国際送金、仮想資産を含む新たな規則も導入されました。いわゆる「トラベルルール」では、企業は送金者と受取人の情報を確認・共有する義務があります。事業者が新規則に適応するまで、一部の例外措置は2030年まで継続されます。

その他の改定には、管理負担を軽減するための報告グループ構造の簡素化、「通報禁止(tipping off)」規則の厳格化、弁護士職業特権の範囲の明確化などがあります。また、規制当局は海外支店に対して柔軟性を持たせる一方、特定のATMサービスなど低リスク分野に関する例外措置も設定しています。

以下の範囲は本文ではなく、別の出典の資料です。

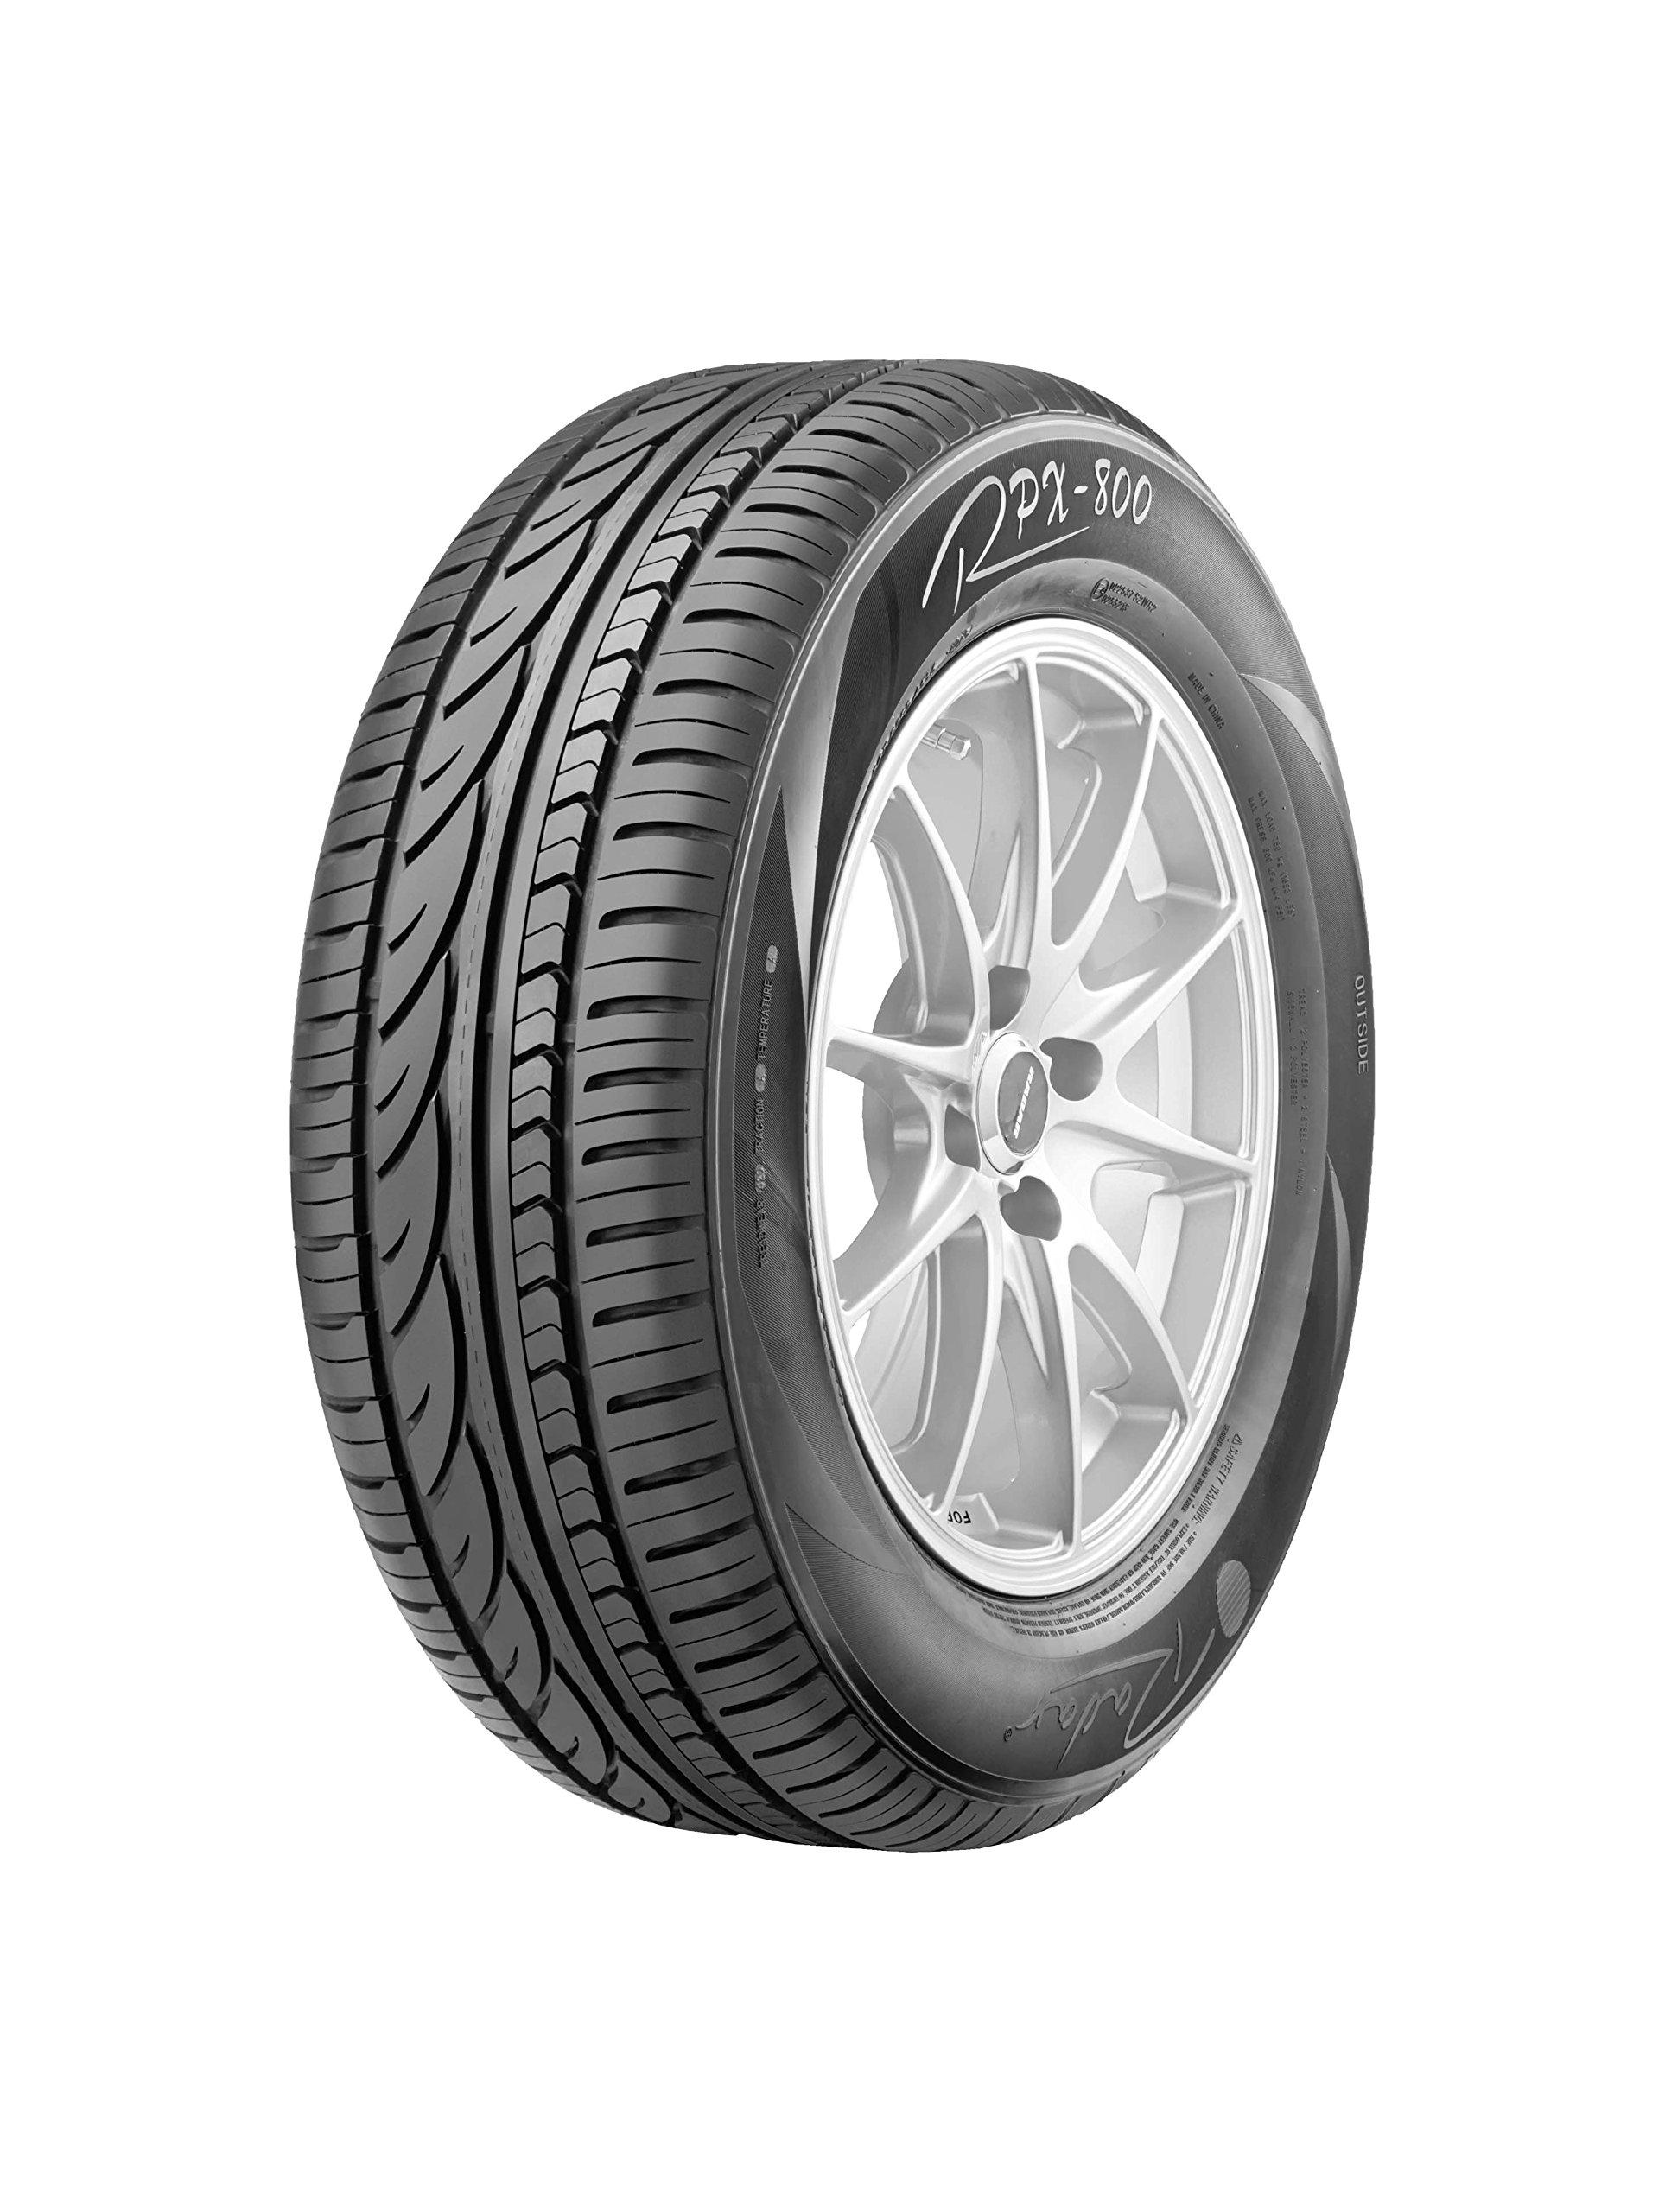 Radar Tires RPX 800 Touring Radial Tire - 155/60R15 74V
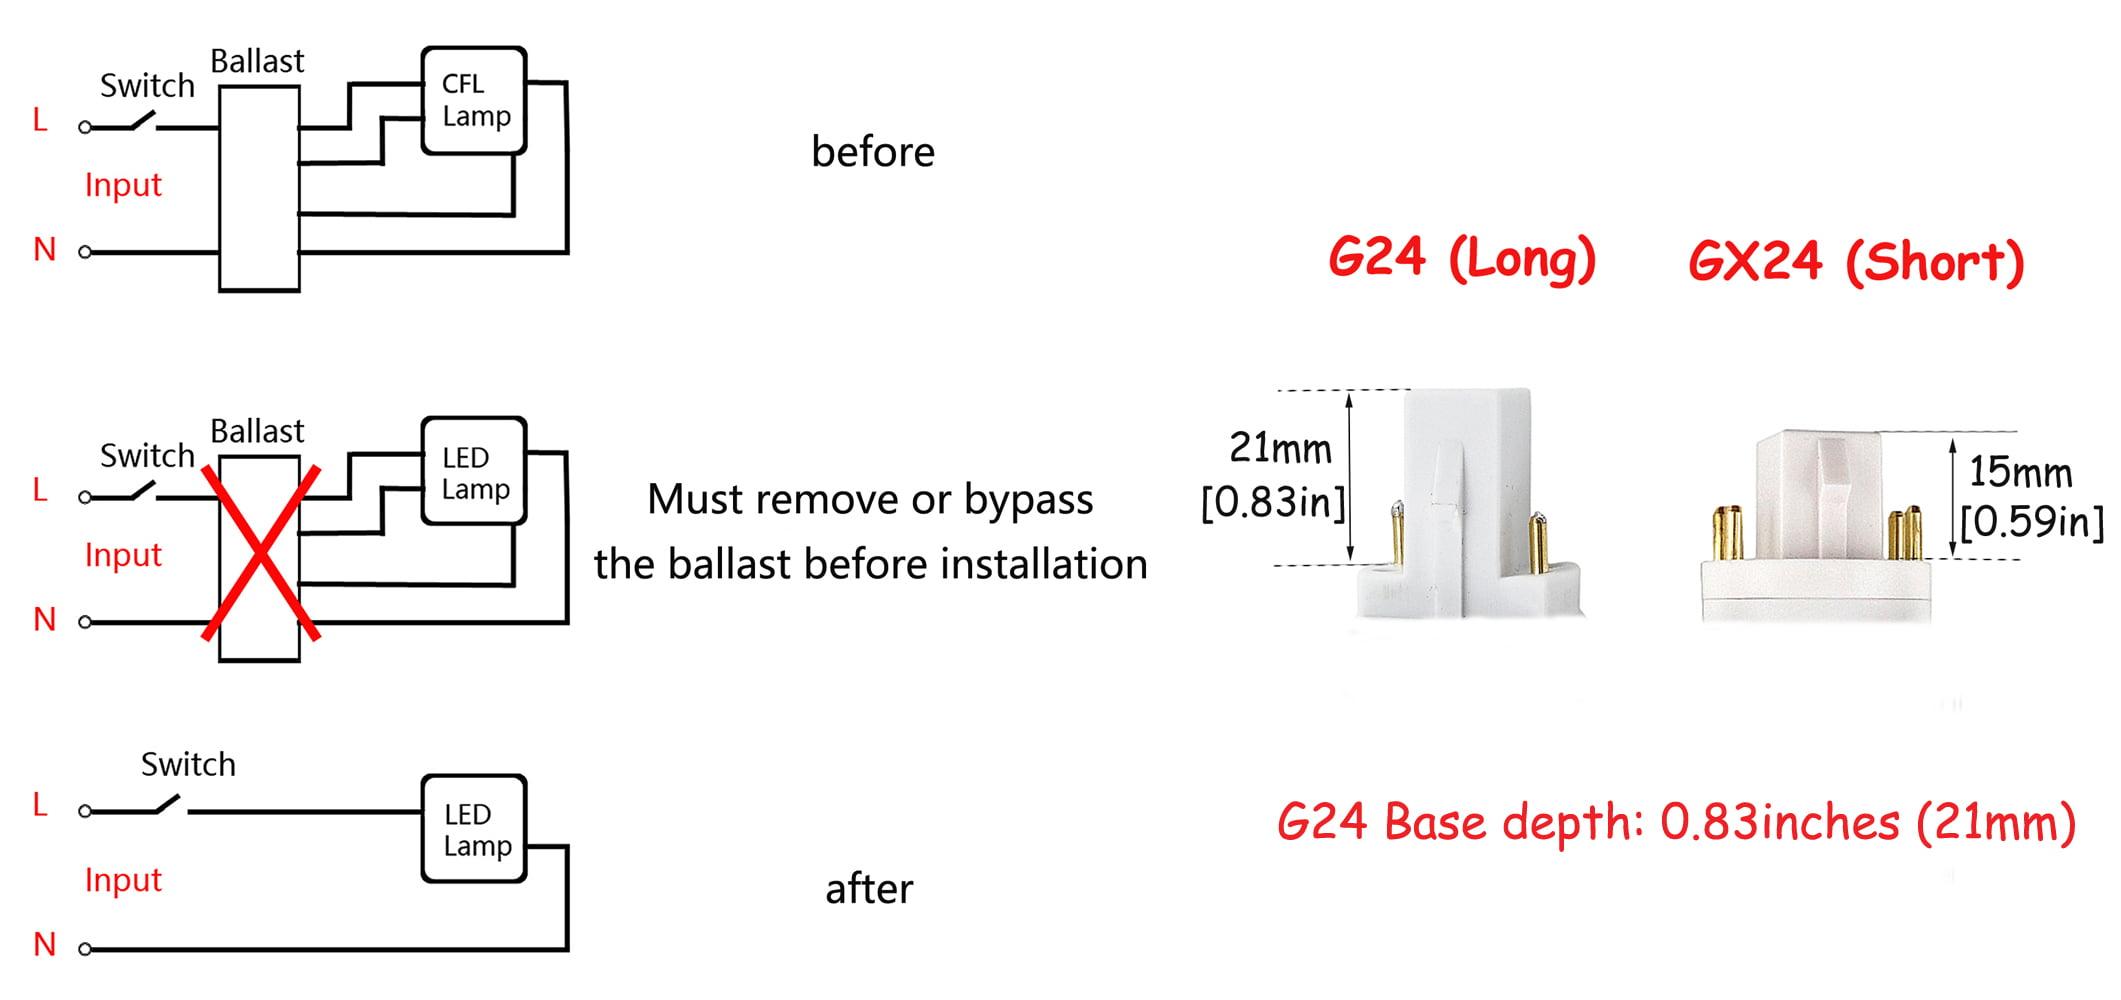 bonlux 13w g24 led pl retrofit lamp universal g24d 2 pin g24q 4 pin rh walmart com Schematic Circuit Diagram Schematic Circuit Diagram

先月シドニーで開催された「Regulating the Game」会議で、オーストラリア取引報告分析センター(AUSTRAC)のブレンダン・トーマス(Brendan Thomas)最高経営責任者は、これらの改革は犯罪者が違法資金を正当な収入として偽装することを防ぐことを目的としていると述べました。

一部の事業者はシステムを改善しているものの、依然として弱点が残っていると指摘。調査では、施設内で大量の現金が移動する、複数または架空の身元が使用される、組織犯罪関係者を含む取引が行われるといった問題が繰り返し確認されています。

「ビルスタッフィング(bill stuffing)」のように、ほとんどプレイせずに大口入金する行為は、マネーロンダリングリスクの明確な指標とされます。場合によっては、法執行機関からの警告が事業者の迅速な対応につながらないこともありました。

トーマス氏は、新フレームワークは単なる形式的な遵守ではなく、信頼構築の基盤として捉えるべきだと強調。移行期間中は現実的な対応が期待されますが、事業者には着実な進展が求められます。「準備は求められるが、完璧は必要ない」と述べ、リスク管理が不十分な企業には執行措置が取られる可能性があると付け加えました。